I raised my hand to stop him.
"Cut the shit, Lewis. You're tired and sleepy, and you want to go to bed. And my bed is about a two hours' drive away. I'm not here for an official opinion. I just want to know what you can tell me about split personality disorders."
He stood up and started to pace, with his hands behind his back. His study was made to look like something out of Olde England. It was a bit overdone, with all the leather and blonde wood furniture and the specially bound books. I just get regular books at the corner shop.
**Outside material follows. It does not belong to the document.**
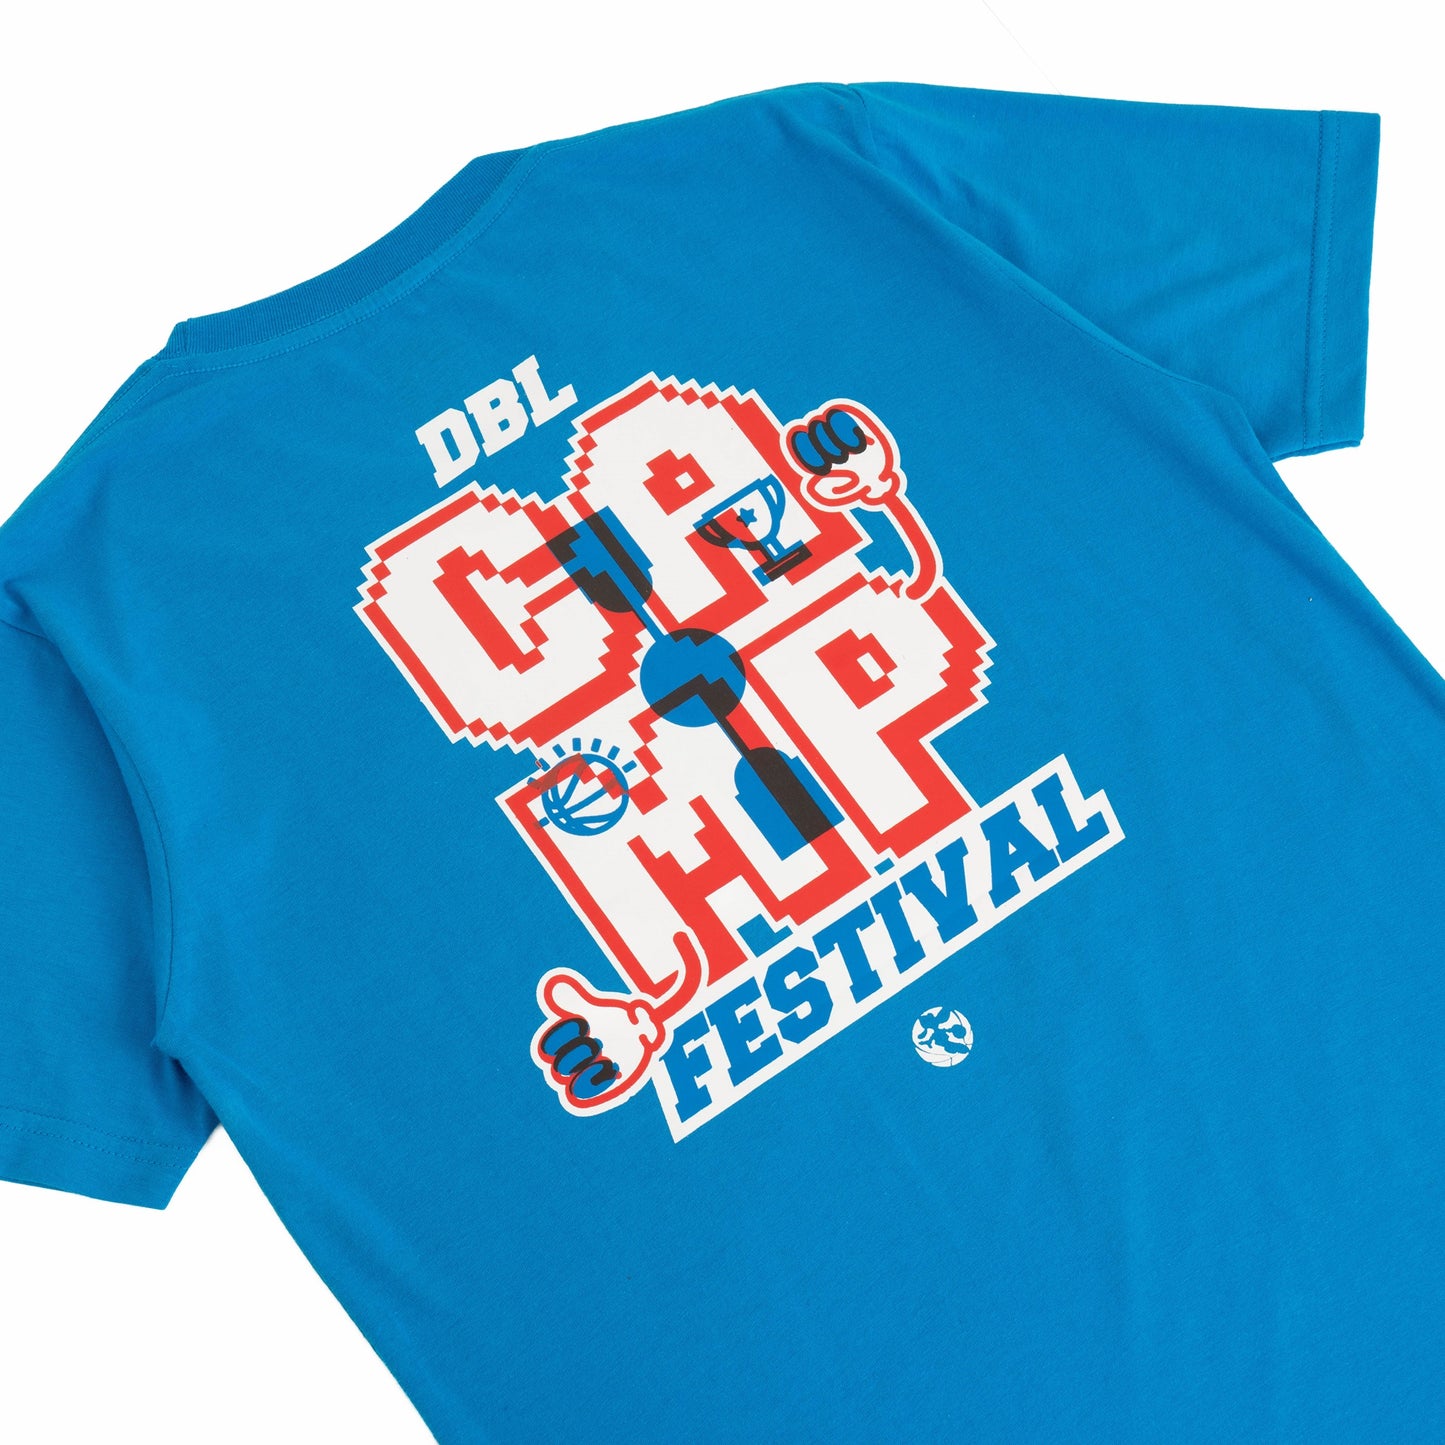 AZA x DBL Camp 24 Series T-Shirt Pixel Typograph - Blue
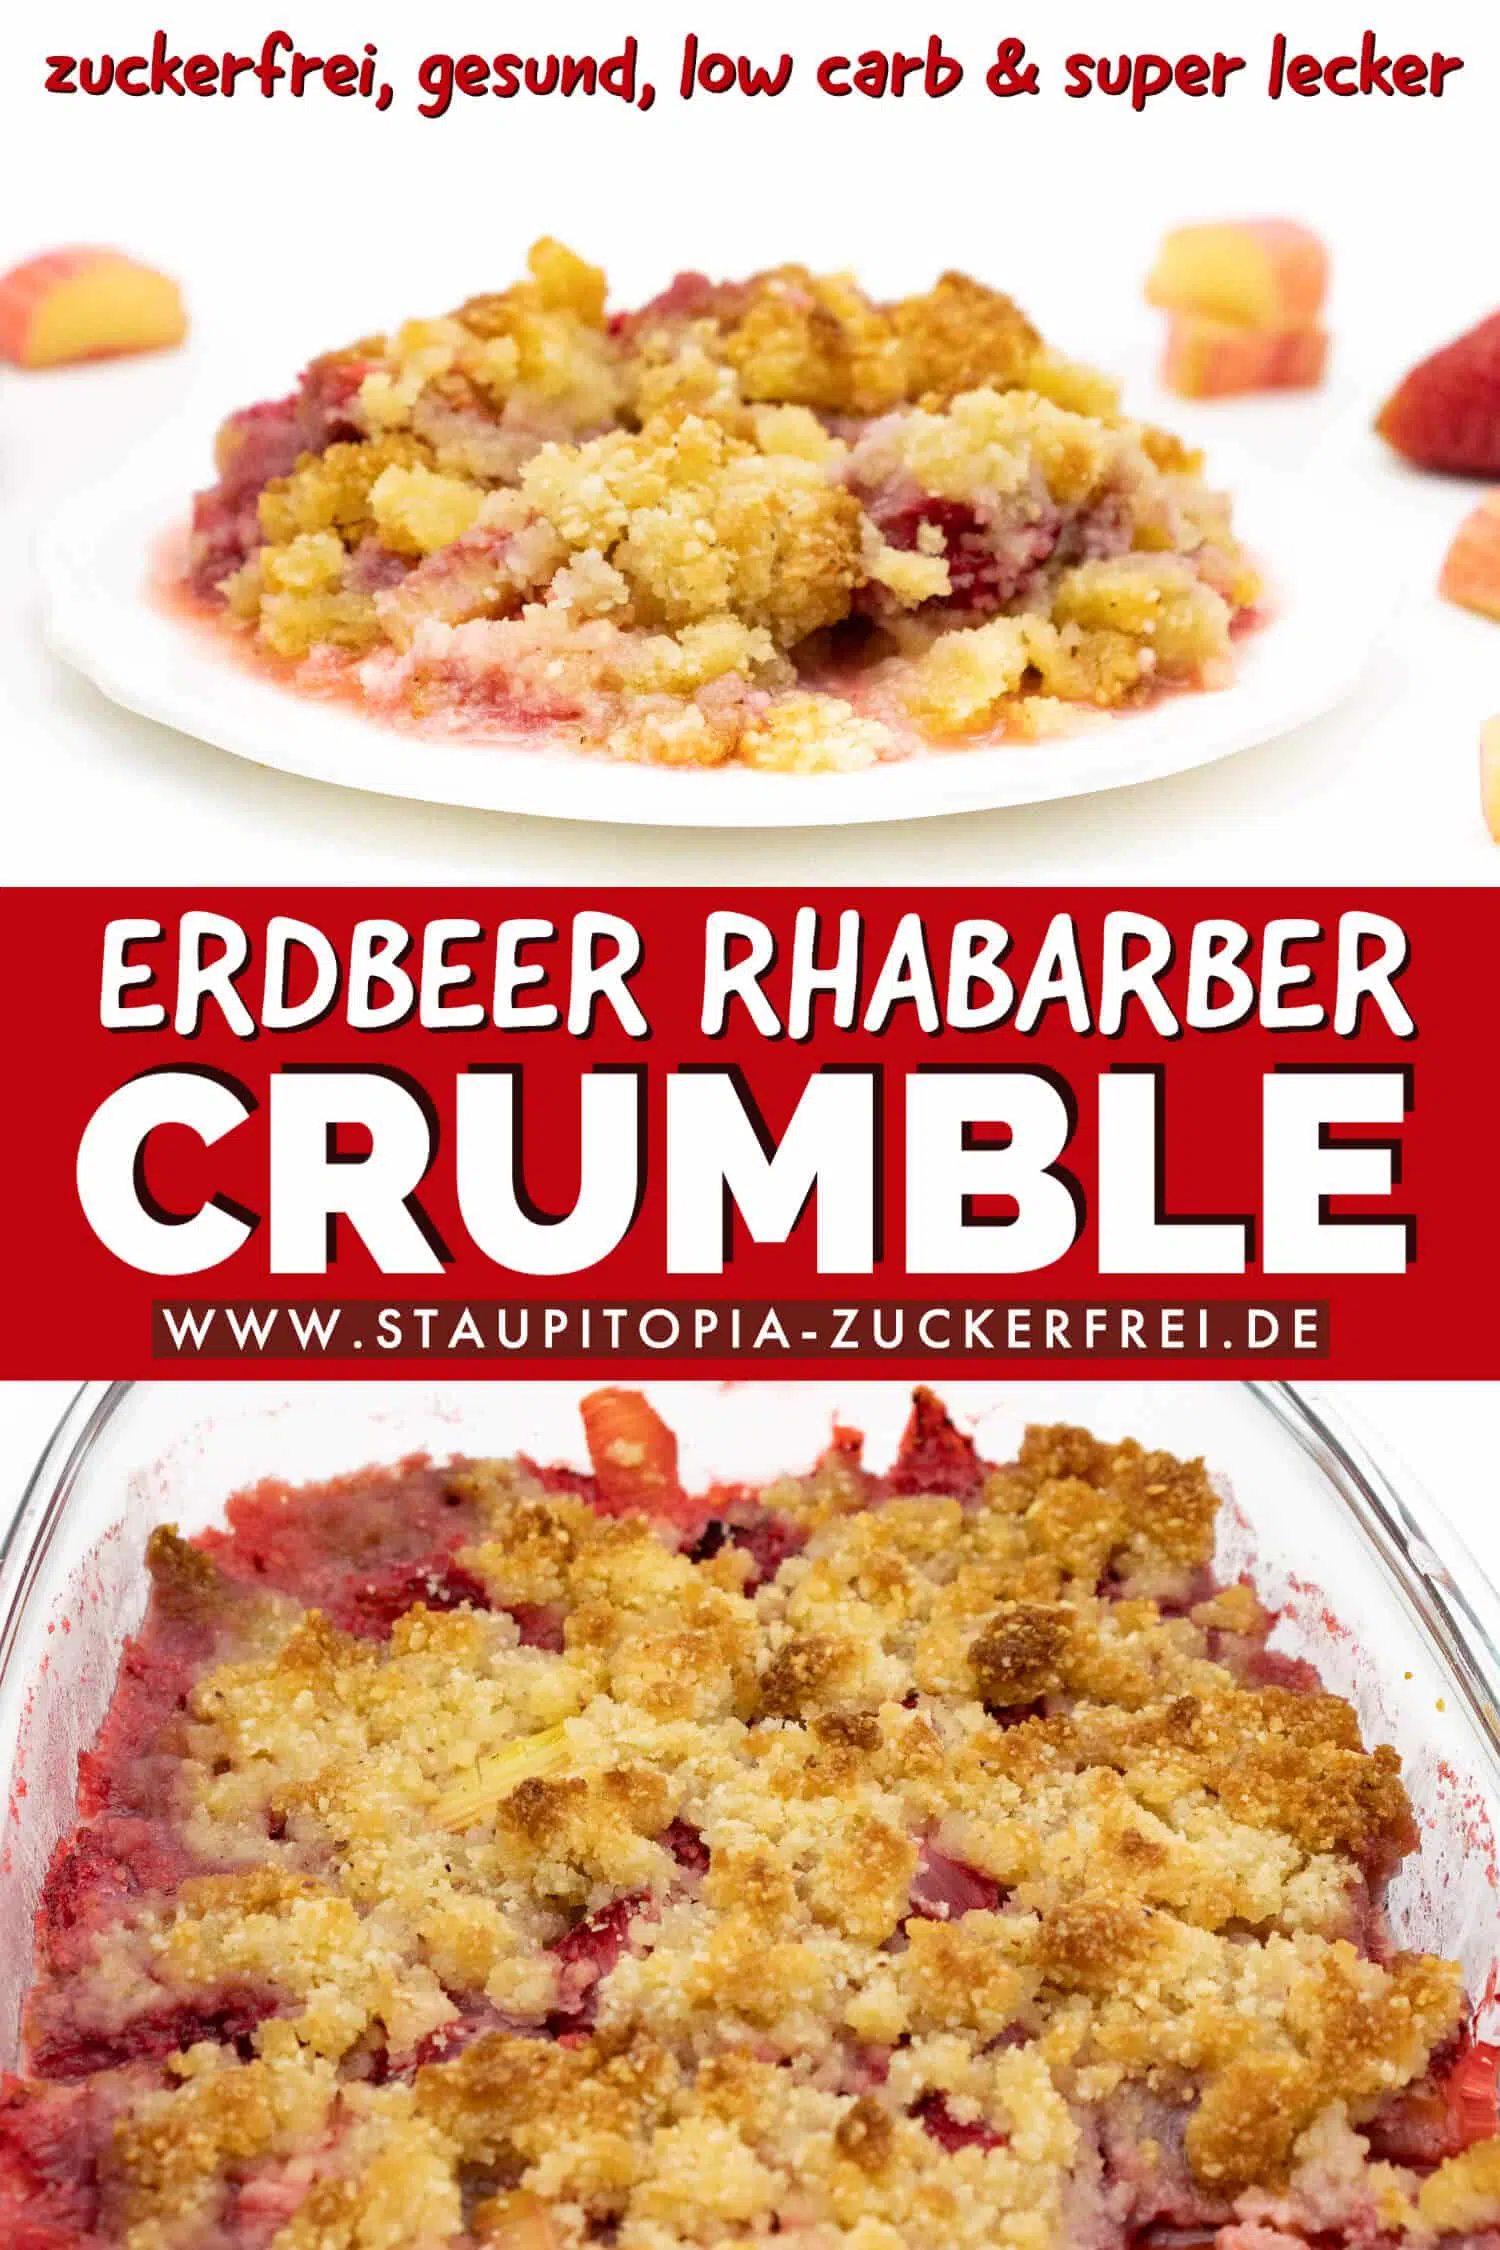 Low Carb Erdbeer Rhabarber Crumble ohne Zucker selber machen

Today, before my shift, it was "Common Mental Maladies"— titles like that.
Lewis looked at me with a humorless face.
"I know you've studied some psychology."
I shrugged.
"When we were kids, we saw that movie, 'Dr. Jekyll and Mr. Hyde.' That's a split personality. You have two selves living in you. In Dr. Jekyll's case one of them is meek, the other destructive. I guess you're interested in this for one of your cases. Well, if a man is really schizophrenic, it can be hard to spot. His one personality doesn't even suspect the existence of his other ego, the criminal. This man doesn't just act like a nice, honest citizen, who wouldn't kill a fly. He is one. Or, at least half of him is." He waved his hand. "You probably know as much about it as I do. Maybe more. What the hell do you want to hear?"
I thought quietly for a moment.
"Is it possible that a traumatic shock could produce split personality i
n a healthy man?"
He shrugged his shoulders.
"I don't think so. But I'm not—"
"I know, you're not a psychiatrist." I took an other sip.
"Of course, anything's possible. A real big shock …to a very sensitive personality …maybe. I can ask somebody if you want, but I don't think anyone will give you a decisive answer unless they have a chance to become a little more familiar with the case."
I nodded. Lewis may be a pompous ass, he may be afraid to give me any food because his wife is a bitch, but he can keep a secret. And I think he loves me in his own way. When I was laid up after being stabbed by Frost, Lewis called the hospital at least three times and consulted with my doctors. He didn't even tell me about the calls, I found out from my doctor.